Возможно, в миролюбии Эразма кроется причина, по которой он не раз призывал друга к сдержанности во время конфликта с Генрихом VIII. Мор, будучи королевским лорд-канцлером (премьер-министром), защищал старинные институции и отказался присягать королю, отдалившемуся от римской церкви. В результате он был арестован, обвинен, приговорен к смерти и обезглавлен; позже церковь канонизировала его под именем святого Томаса Мора[147]
.А что же Эразм? Сохранилась всего одна письменная реплика Эразма, относящаяся к периоду опалы Мора: «Если бы только Мор не ввязывался в это опасное дело и оставил теологические вопросы теологам!»[148]
Биографы Эразма комментируют этот факт не без смущения. Хёйзинга спрашивает, не могли ли «от нас ускользнуть» высказывания, свидетельствующие о более чутком отношении Эразма к Мору. Очень по-английски звучит комментарий Питера Акройда[149]: «Возможно, эти слова менее сочувственны, чем требовали обстоятельства, но они показывают, сколь велика на деле была дистанция, разделявшая Мора и его старинного друга-гуманиста».Прежде всего они показывают, что Эразм прислушивался к тому, что говорил мозг, а не сердце, — и еще раз ставят проблему страсти и разума. Проблему эту, кстати, поставил сам Эразм — точнее, Стультиция. «Юпитер» пожелал сделать унылую жизнь людей более светлой и поэтому «в гораздо большей мере одарил их чувством, нежели разумом: можно сказать, что первое относится ко второму, как унция к грану. Сверх того, он заточил разум в тесном закутке черепа, а все остальное тело обрек волнению страстей. Далее, он подчинил его двум жесточайшим тиранам: во-первых, гневу, засевшему, словно в крепости, в груди человека, в самом сердце, источнике нашей жизни, и, во-вторых, похоти, которая самовластно правит нижней половиной»[150]

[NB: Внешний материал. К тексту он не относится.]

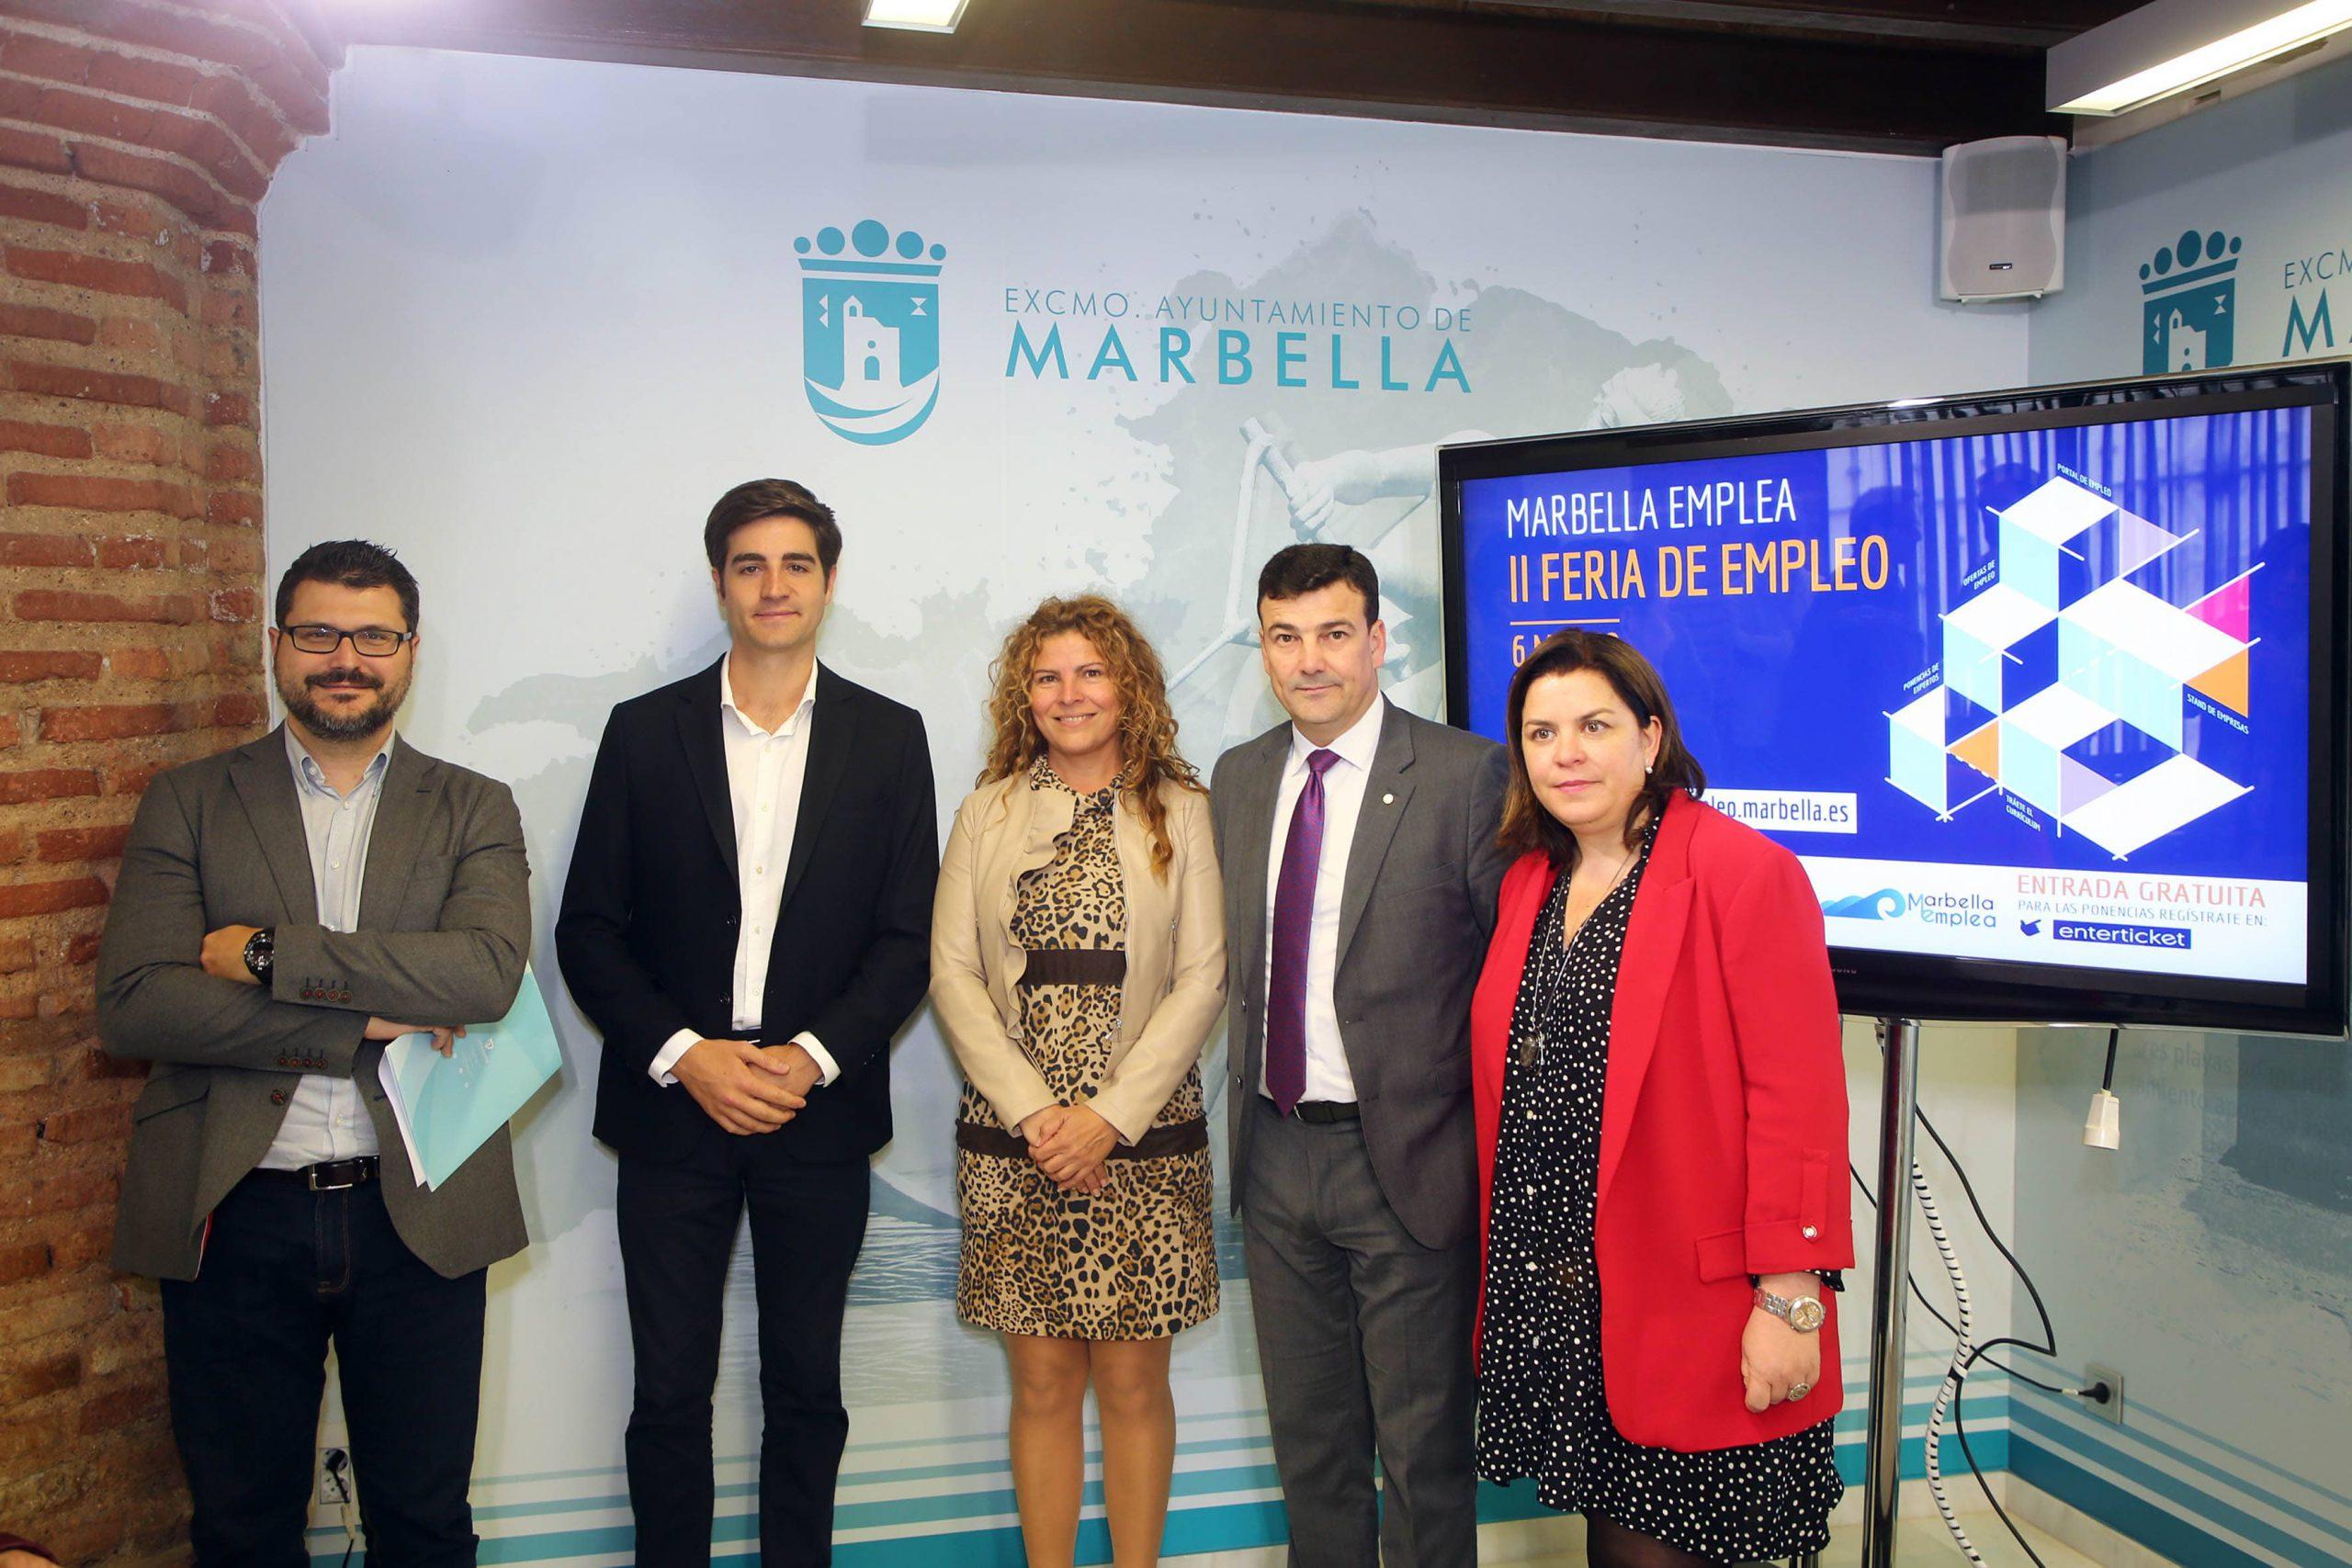 La II edición de la Feria de Empleo de Marbella se celebrará el 6 de marzo

. Здесь мы как будто слышим предшественника критического рационализма. В одном из своих диалогов Эразм прямо рекомендует полагаться на разум, а не на чувства. «Что постановит страсть, то непродолжительно, мимолетно; что определит разум, в том век не раскаешься»[151].В этой установке заключается также глубинная причина конфликта Эразма с Мартином Лютером. Стефан Цвейг, чей пафос временами заглушает суть его утверждений, прибегает для описания этого конфликта к впечатляющим антитезам:
По всей своей сути, по плоти и крови, духовной организации и житейскому поведению, от поверхности кожи до сокровеннейшего нерва они [Эразм и Лютер] принадлежат к разным, рожденным для противоборства типам: миролюбие против фанатизма, разум против страсти, культура против могучей силы, мировое гражданство против национализма, эволюция против революции[152]
.Эразм и Лютер никогда не виделись. Тем не менее Эразм долгое время устно и письменно поддерживал Лютера, который был моложе его на 15 лет. Их считали союзниками в борьбе против тогдашней окаменелой, коррумпированной церкви.
Когда в 1524–1526 гг. дело дошло до открытого противостояния, вылившегося в полемические сочинения о свободной и несвободной воле, Эразм не проявил особой твердости. Он вообще неохотно включался в прямой конфликт. Лютер точно уловил суть характера Эразма, написав ему в 1524 г.: «Оставайся, если тебе нравится, тем, кем, по твоим словам, ты всегда хотел быть: всего лишь зрителем нашей трагедии». Как знать: может быть, «всего лишь» зритель был на деле неравнодушным зрителем?